KEY INSIGHT: Multimodal AI doesn’t mean the model generates images or audio. It means the model accepts images, audio, or documents as input alongside text — and reasons about them together. The output is still text.
Here’s what each provider supports right now:
| Capability | GPT-4o (OpenAI) | Claude 4 Sonnet (Anthropic) | Gemini 2.5 Flash (Google) |
|---|---|---|---|
| Image input | Yes | Yes | Yes |
| Audio input | No (use Whisper) | No | Yes (native) |
| PDF input | Yes (as images) | Yes (native) | Yes (native) |
| Video input | No | No | Yes (native) |
| Image formats | JPEG, PNG, WEBP, GIF | JPEG, PNG, GIF, WEBP | JPEG, PNG, WEBP, GIF |
| Max image size | 20 MB | 20 MB | 20 MB |
Quick check: If you wanted to send an audio file to an LLM for transcription, which provider supports it natively? (Answer: Gemini. The other two need separate audio APIs.)

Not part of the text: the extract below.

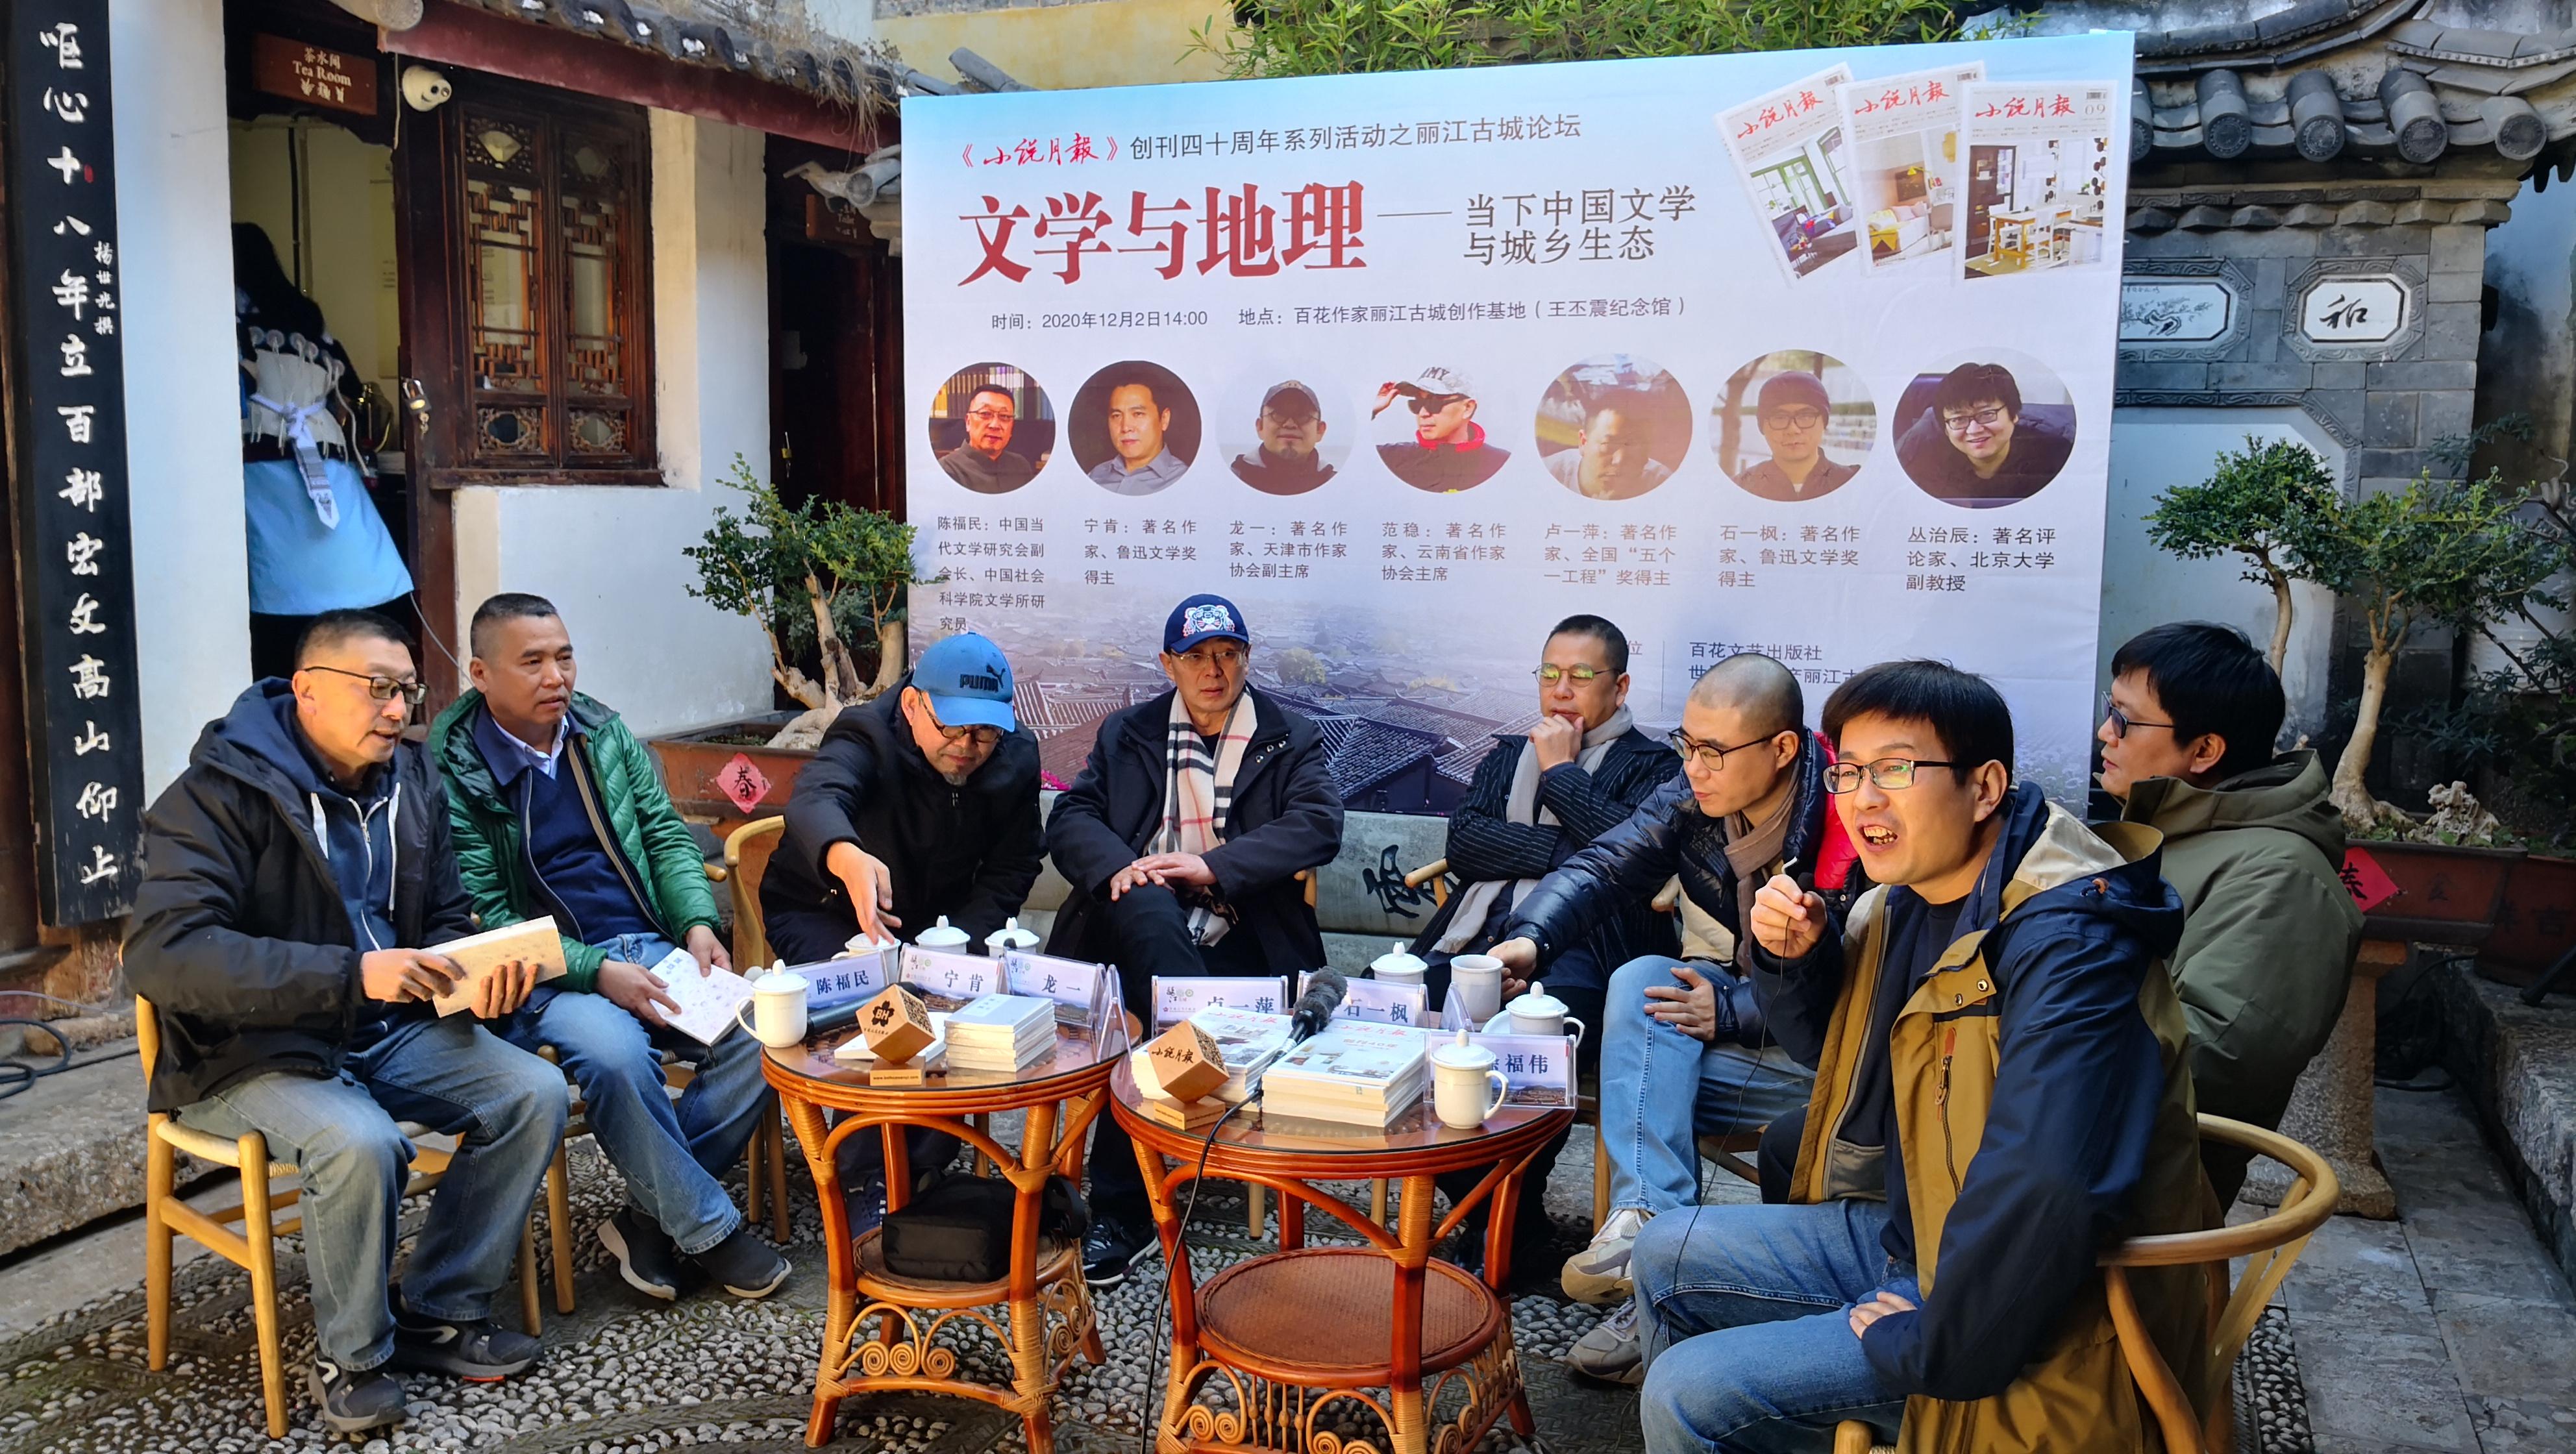 百花麗江創作基地掛牌 期與香港心語相通

Setting Up: Prerequisites and Base64 Encoding
Prerequisites
- Python version: 3.9+
- Required library: requests
- Install:
pip install requests - API keys: Get them at platform.openai.com/api-keys, console.anthropic.com/settings/keys, or aistudio.google.com/apikey. Store each in an environment variable.

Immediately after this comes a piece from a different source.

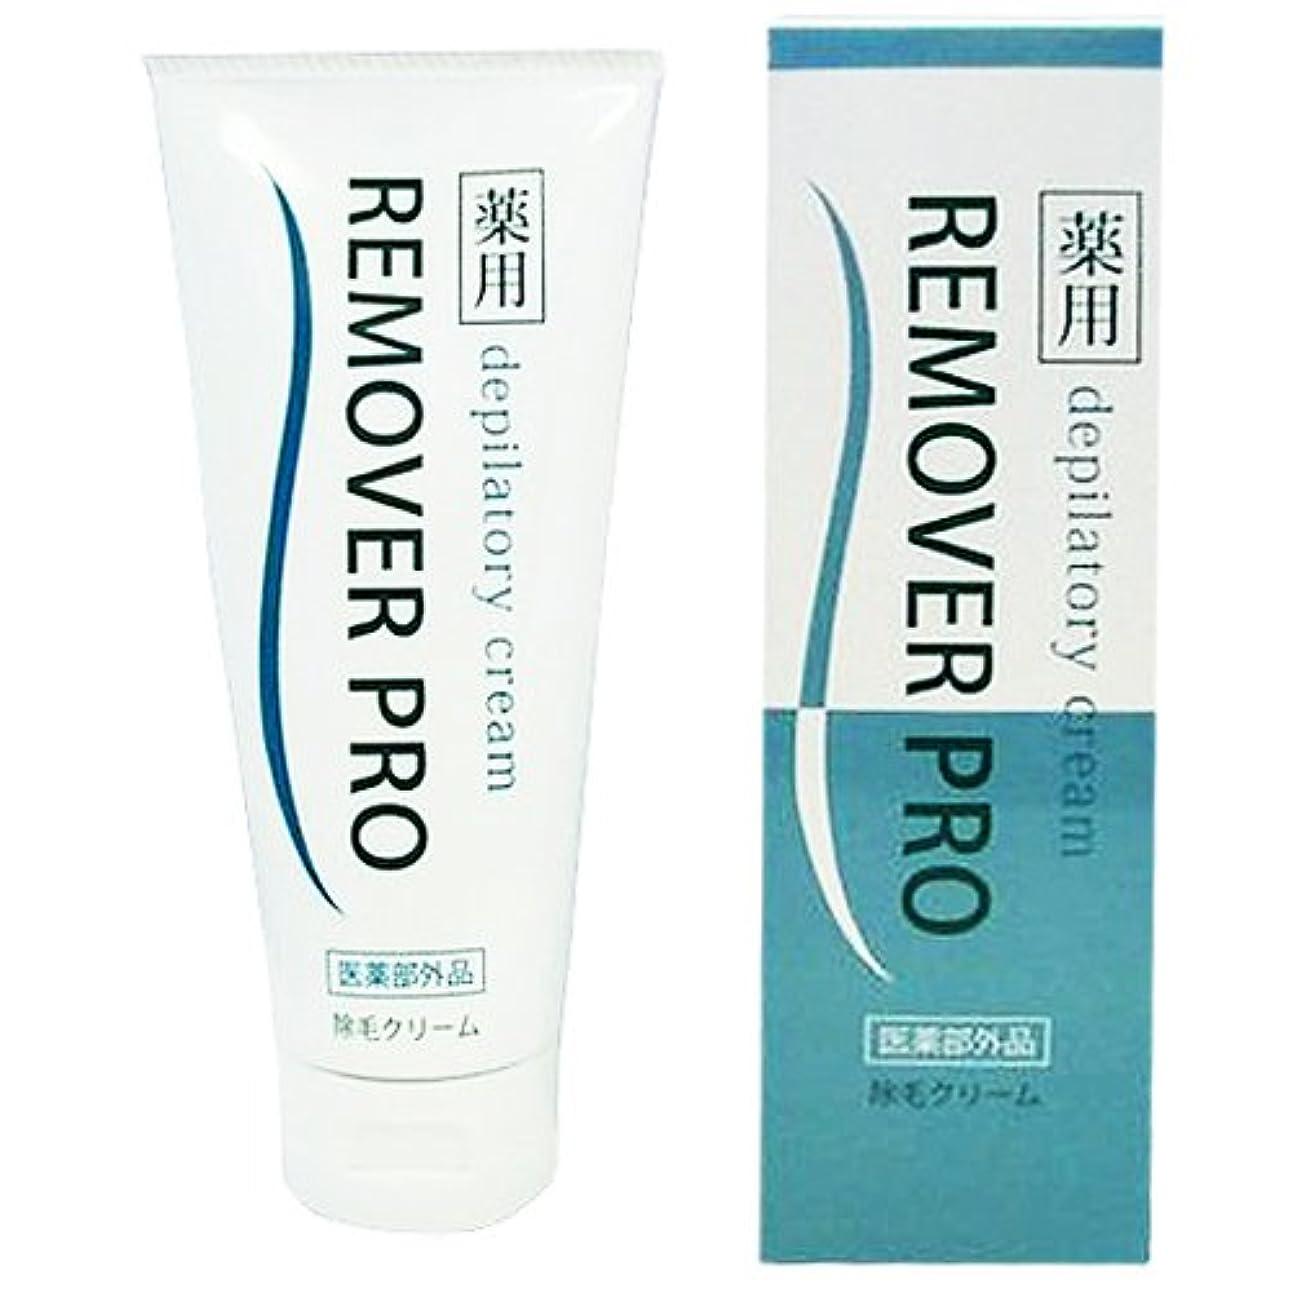 予測色合い有能な薬用除毛クリーム REMOVER PRO (医薬部外品)

- Test image: Any JPEG or PNG on your machine.
- Time to complete: 30-35 minutes
Every multimodal API call starts the same way. You read a file from disk and convert it to base64. Base64 turns binary data (raw image bytes) into a text string that fits inside JSON.
Here’s a helper that handles any file type. It reads in binary mode, encodes to base64, and detects the MIME type from the file extension.
import micropip
await micropip.install(['requests'])
import os
from js import prompt
OPENAI_API_KEY = prompt("Enter your OpenAI API key:")

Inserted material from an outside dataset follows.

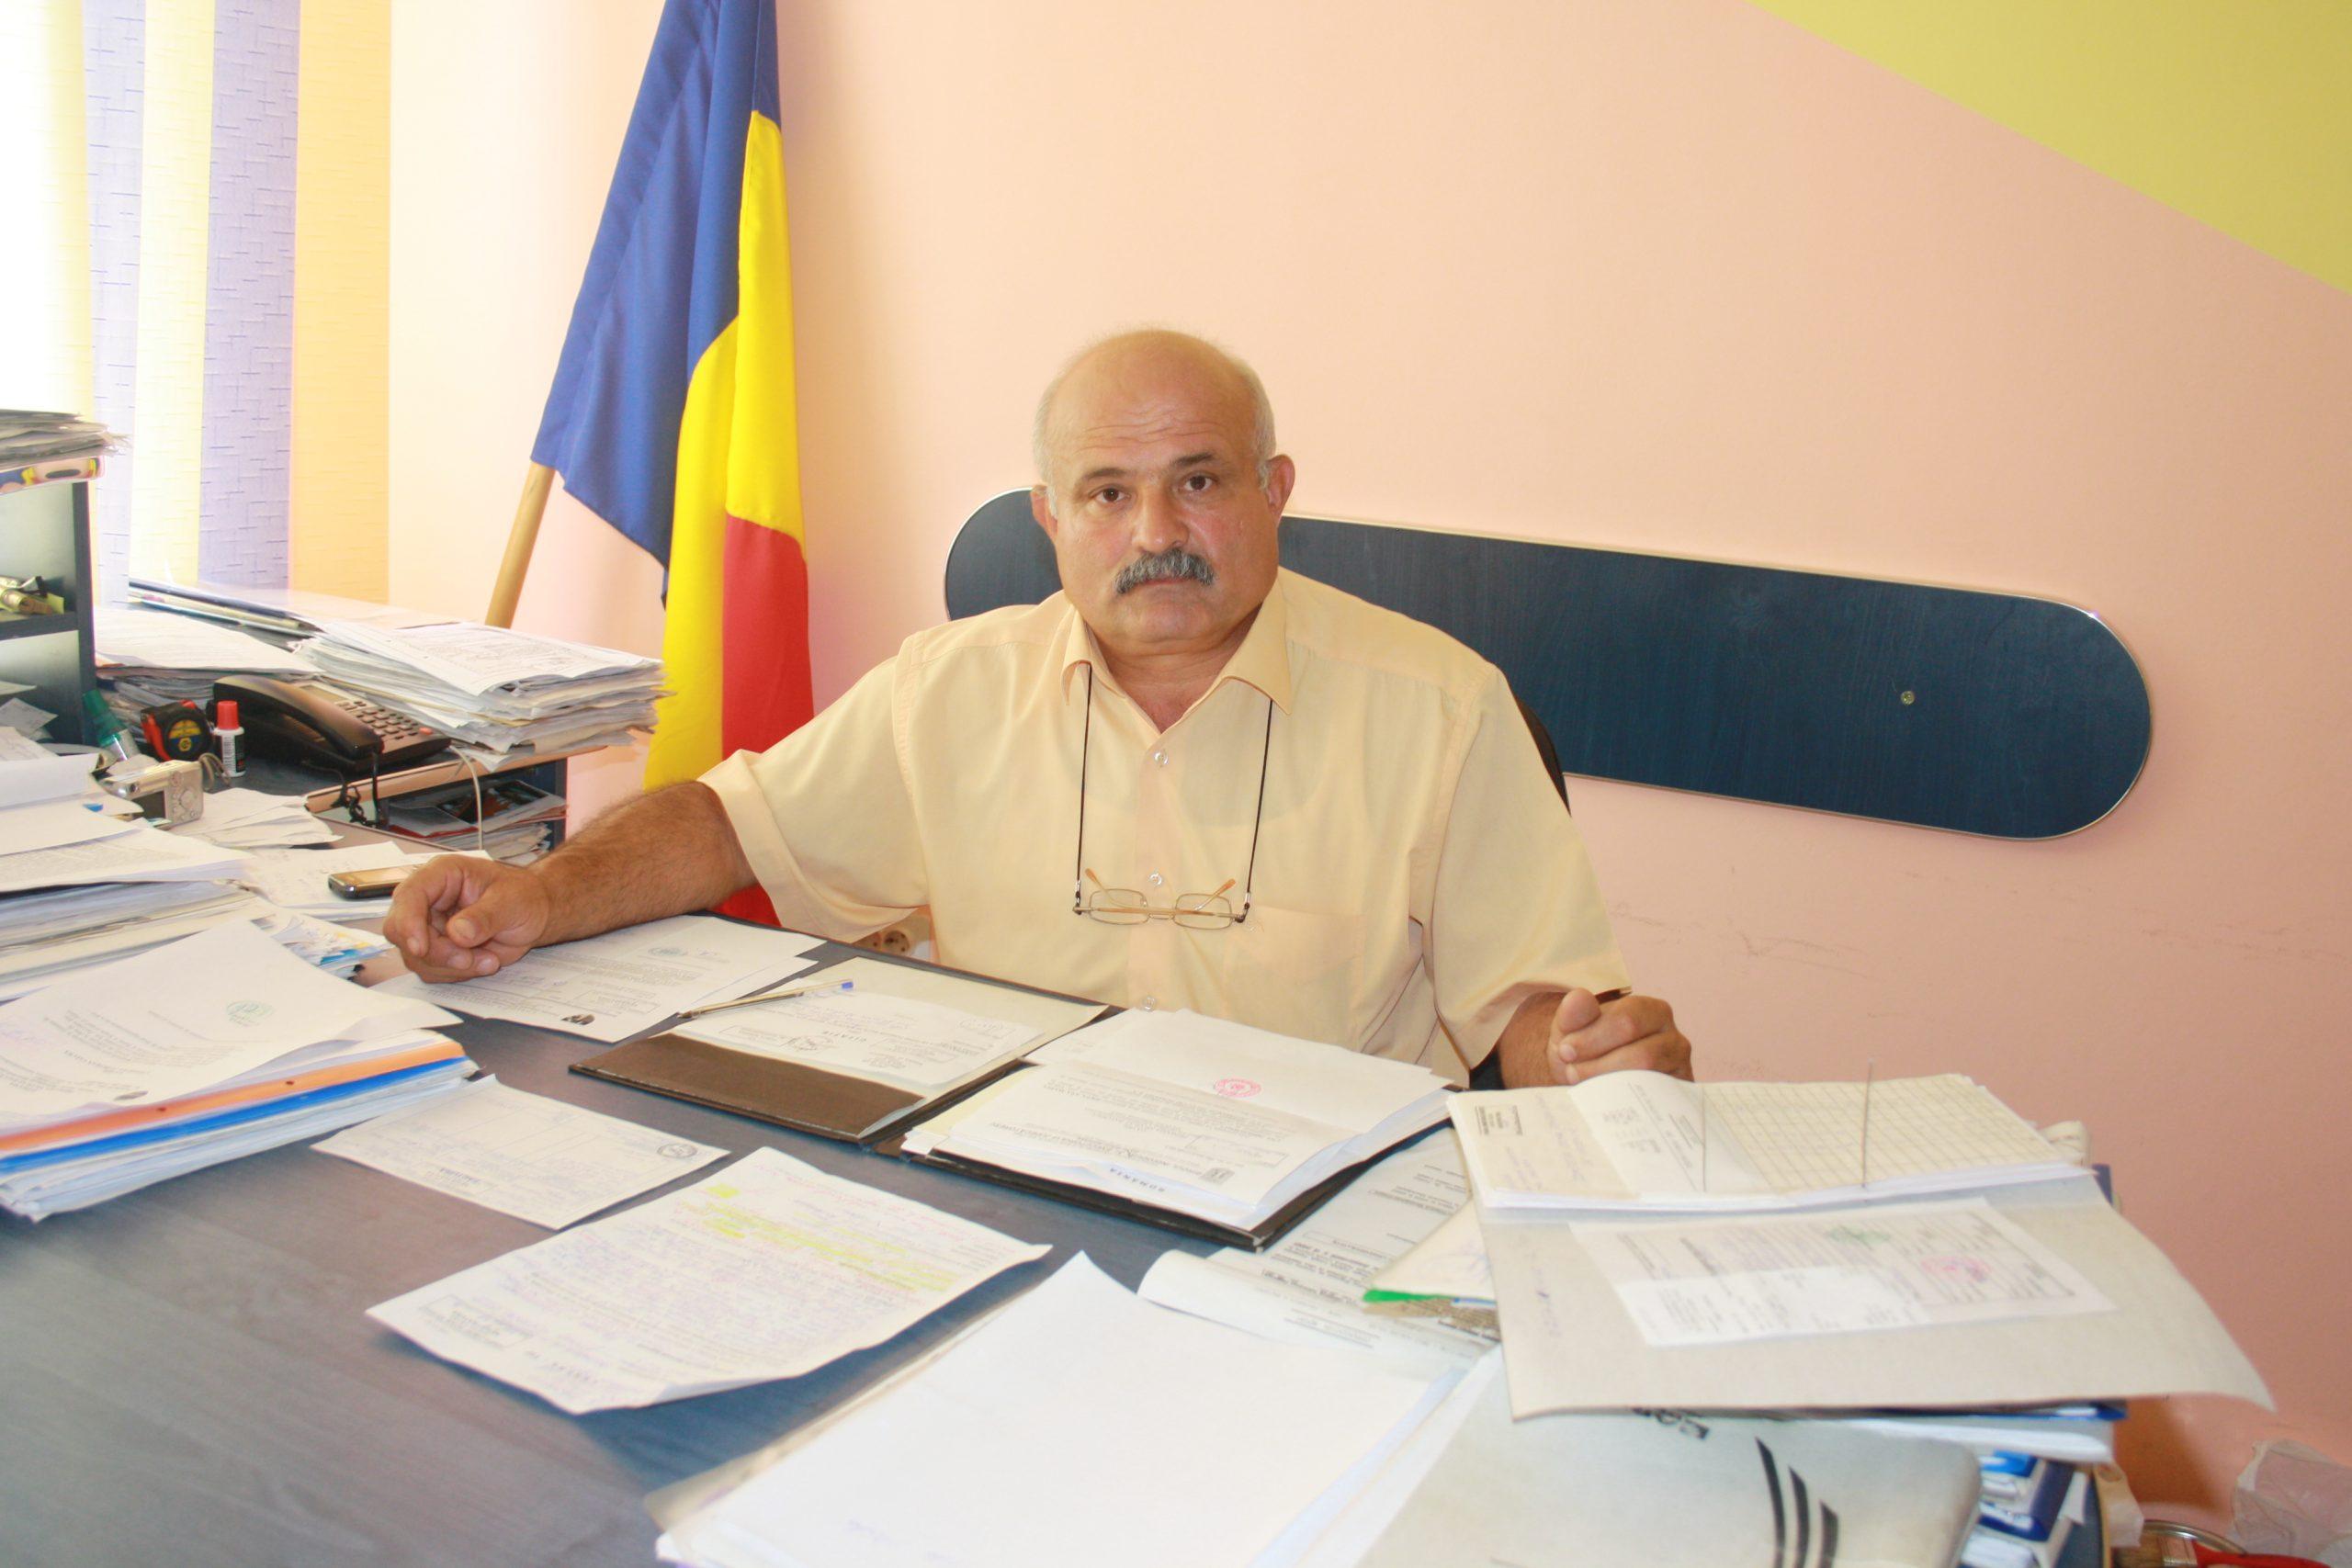 Proiectele primăriei Nicolae Bălcescu

os.environ["OPENAI_API_KEY"] = OPENAI_API_KEY
ANTHROPIC_API_KEY = prompt("Enter your Anthropic API key:")
os.environ["ANTHROPIC_API_KEY"] = ANTHROPIC_API_KEY
import requests
import base64
import os
import json
def encode_file_to_base64(file_path):
"""Read a file and return its base64 string plus MIME type."""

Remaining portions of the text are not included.